Q- What
is pain?
Ans- Pain is a protective/safety system of the body, where
the nerves conveying pain signals to the brain, warn of impending or on-going
injury/insult to the body and to take appropriate action.
Q- What is Chronic Pain?
Ans- Chronic pain is the pain that lasts more than 3-4
months and is unresponsive to conservative treatment (Medications, physical
therapy).
Q- What are the consequences of
pain?
Ans- Chronic pain not only causes physical & mental
suffering but also adversely affects family, social and professional life.

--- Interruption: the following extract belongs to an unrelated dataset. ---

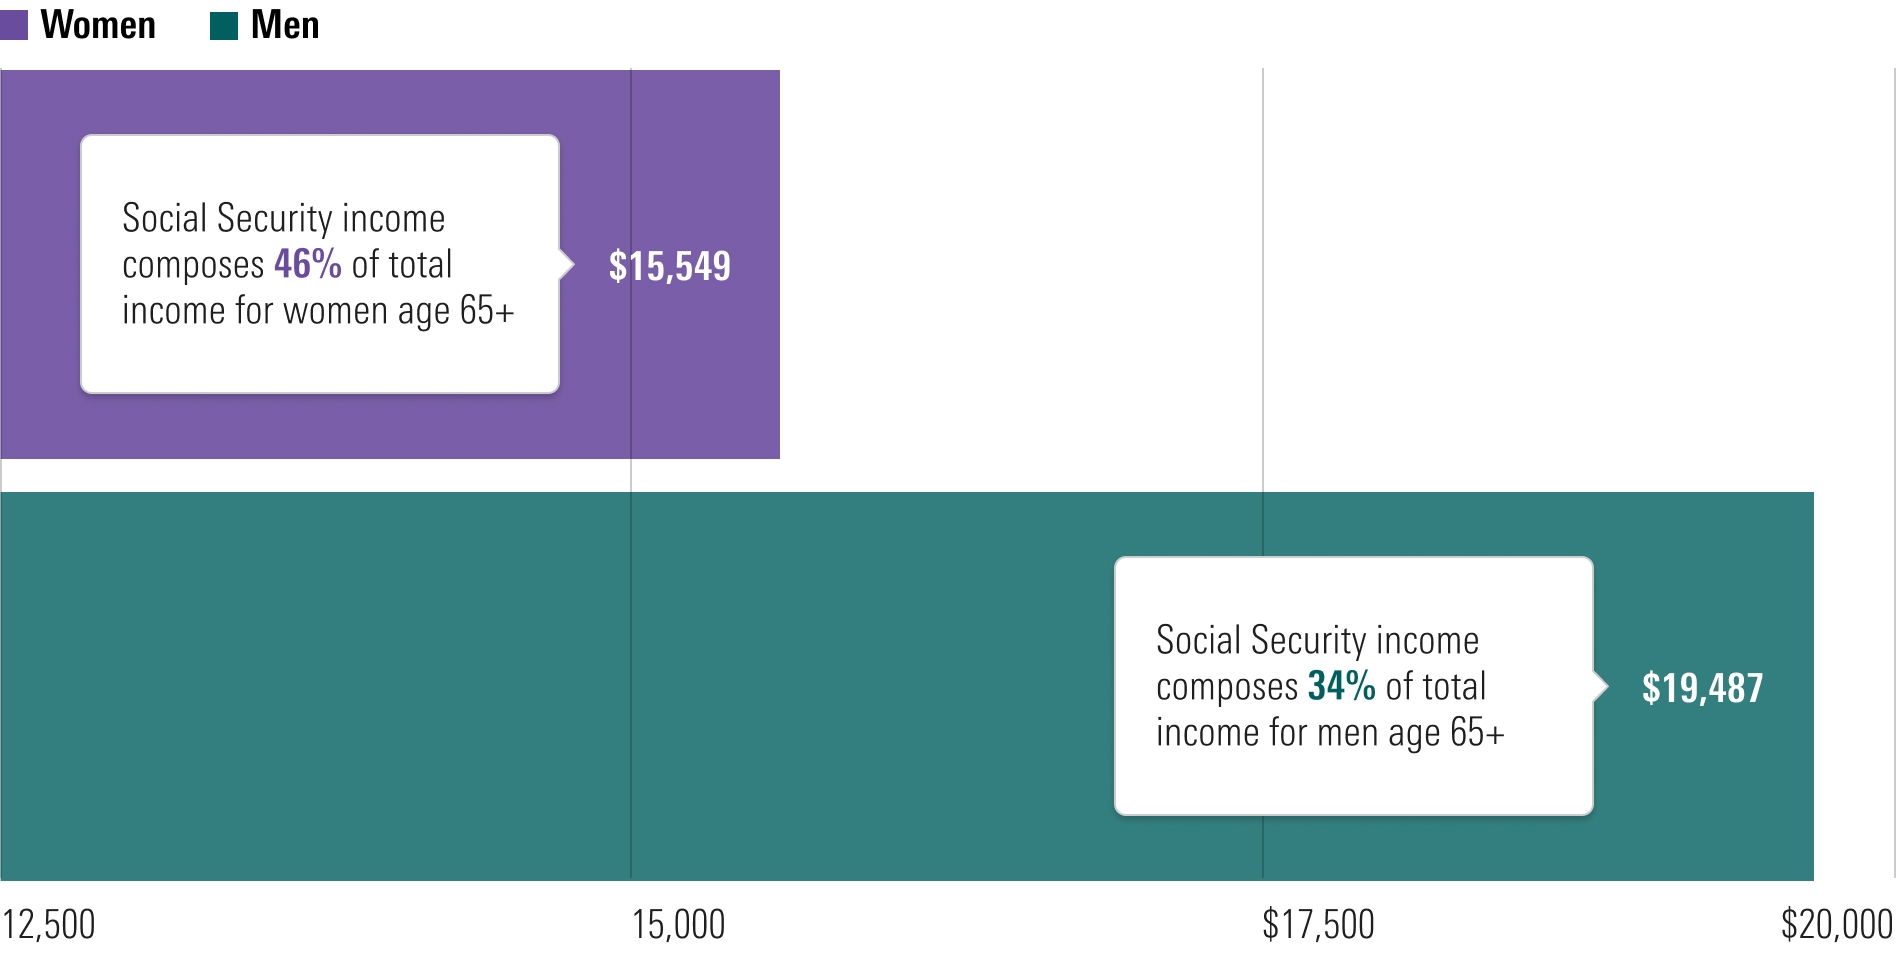 Horizontal bar chart showing how men and women’s Social Security incomes differ.
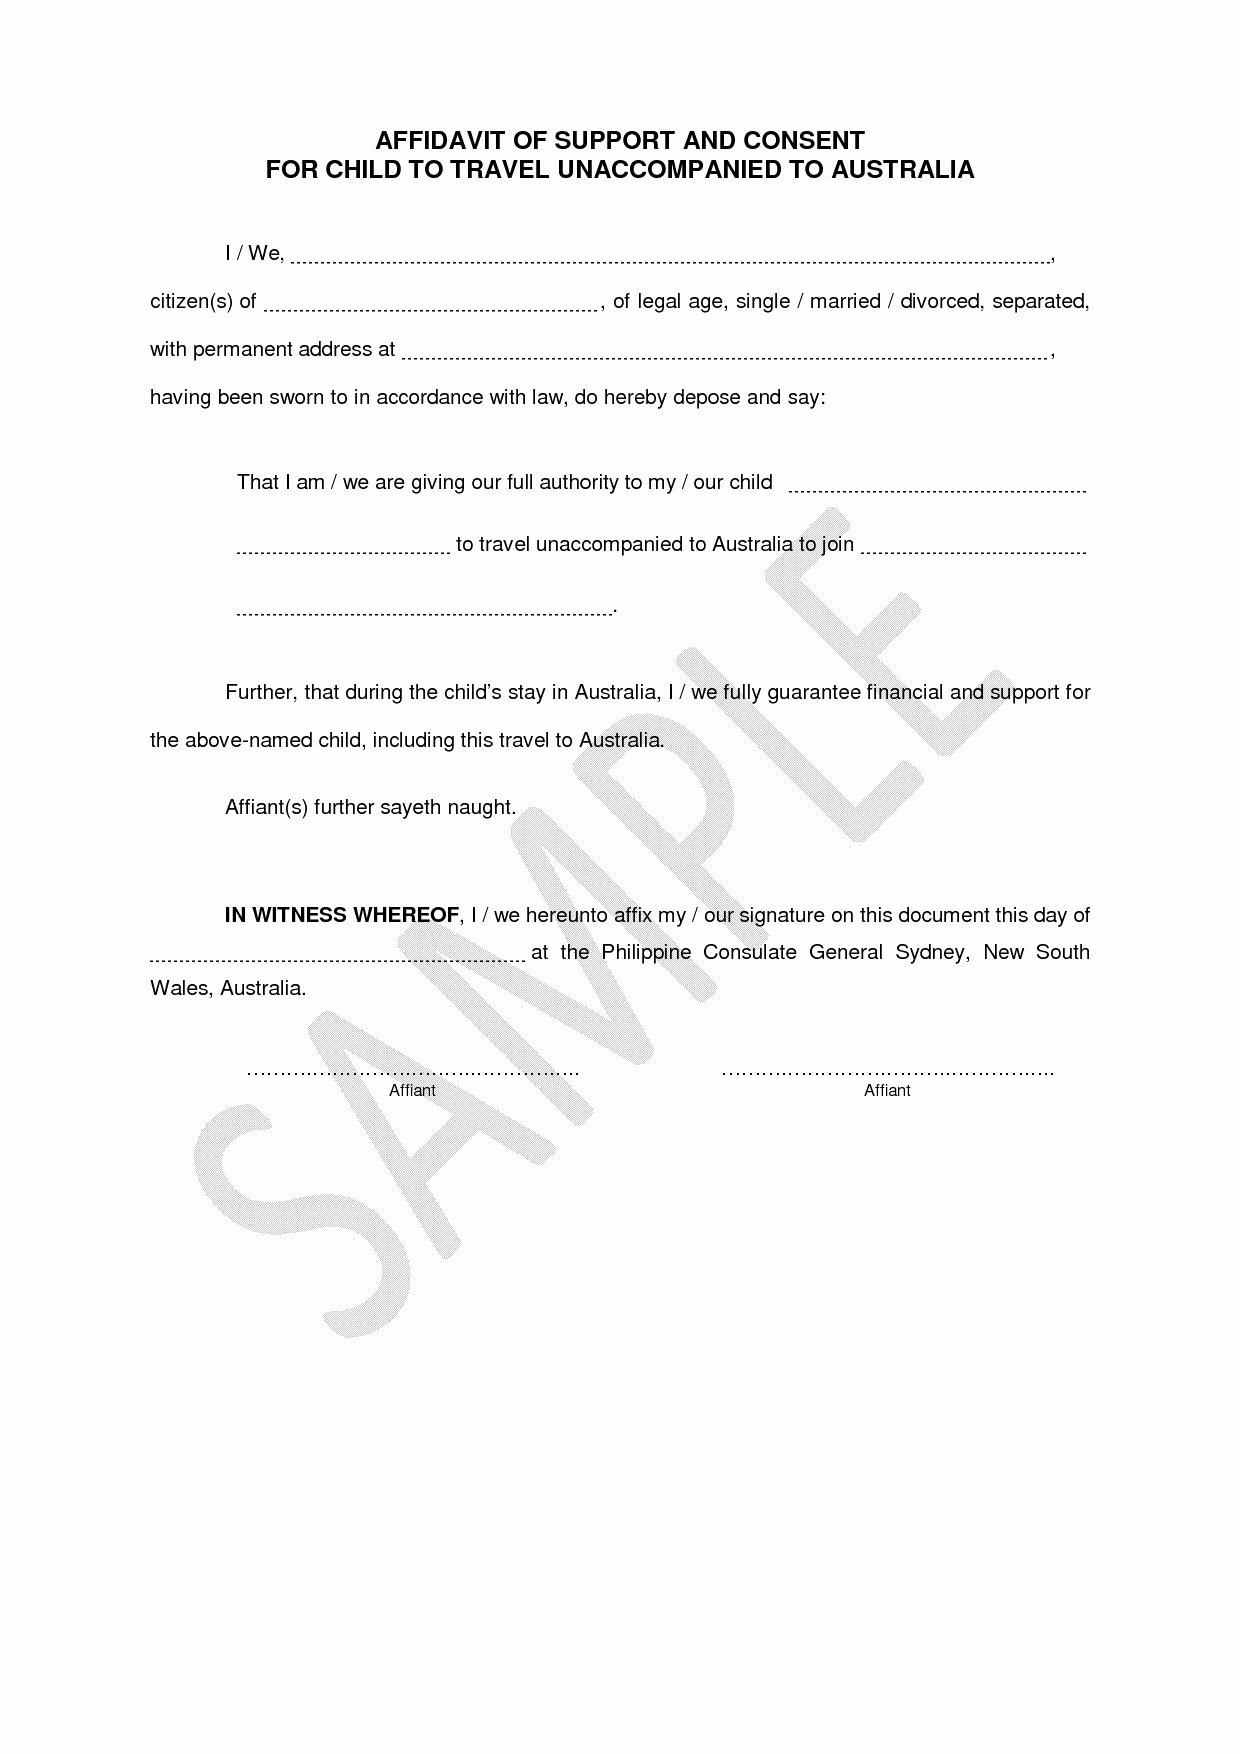 Sample Letter for Immigration Marriage Luxury Sample Affidavit Bona Fide Marriage Letter for

Q- What happens if pain becomes
chronic?
Ans- Treating pain promptly can prevent it from turning
into hard-to-treat chronic pain, when the nervous system becomes
hypersensitive. Many times pain lasts beyond healing; when errant nerve
impulses keep alerting the brain about tissue damage that no longer exists.
Q- Who treats pain?
Ans- Large number of generalized aches and pains responds to
simple pain-killers but should be used with caution in patients with
kidney/liver diseases/gastritis.
Moreover these conditions, to a large extent, are as a
result of misuse or excessive use of pain-killers. Patients with obvious
surgical conditions like trauma/ tumour etc. will need surgery. However large
number of patients, who were earlier treated with surgery, like sciatica, are
now very well treated with minimally invasive procedures, by pain physicians.
Most neuralgias and neuropathies {Diabetic neuropathy/Trigeminal/ Occipital
neuralgia/ nerve entrapment/ischemic pain (due to poor blood supply)/abnormal behaviour
of nerves} will need specialized pain management; when only medications fail or
produce unacceptable side-effects.
Q- How pain specialists treat
pain?
Ans- Pain specialists are specially trained physicians,
who diagnose exact source of pain or pain generators. For example back/leg pain
can be due to muscles/ligaments, joints (facet joints/sacroiliac joints), tear
in disc (annular tear/fissure), disc prolapse, Pyriformis syndrome etc; each of
which require different treatment modality. Pain physicians non-surgically
(Called Interventional Pain Management or IPM) deliver healing/numbing
medications to the target. These procedures are generally safe in expert hands.
Q- Are any specialized equipment’s
or devices used for managing pain?
Ans- Common pain interventions are performed in OT, using
special imaging equipment’s / contrast media & vital sign monitoring.
However when the numbing medications at the pain source do not produce lasting
effect, the offending nerves are destroyed with Radiofrequency generator; after
testing and saving useful nerves. In few cases of intractable pain, a pacemaker
like device, called Spinal Cord Stimulator with cordless remote control, is
implanted inside the body, which converts the pain message to a pleasant
feeling (Neuromodulation). In advanced cancer patients and patients with
multiple sources of pain, pain medications are delivered directly into the
central nervous system in the spinal cord, through an implantable device
(Intrathecal Pain Pump with remote control) that needs only 1/300th of oral
medications, thereby drastically reducing side-effects and providing excellent
pain relief.
Q- Where can I find a pain
specialist?
Ans- Pain specialists run pain clinics in majority of
large hospitals in western countries but only in a few selected hospitals in
India.
Q- What are the side effects
& complications of Interventional Pain Management?
Ans- Like any drug or medical therapy, Interventional Pain
Management has its share of side-effects. However they are very minimal in
expert hands and mostly due to technical reasons. Drug related complications
are very few. The amount of drug used is very less, it remains at the target
site and does not circulate to other parts of the body.
Q- What next if IPM fails?
Ans- In some situations, like in long standing back pain where
the prolapsed disc has hardened, surgery will be required.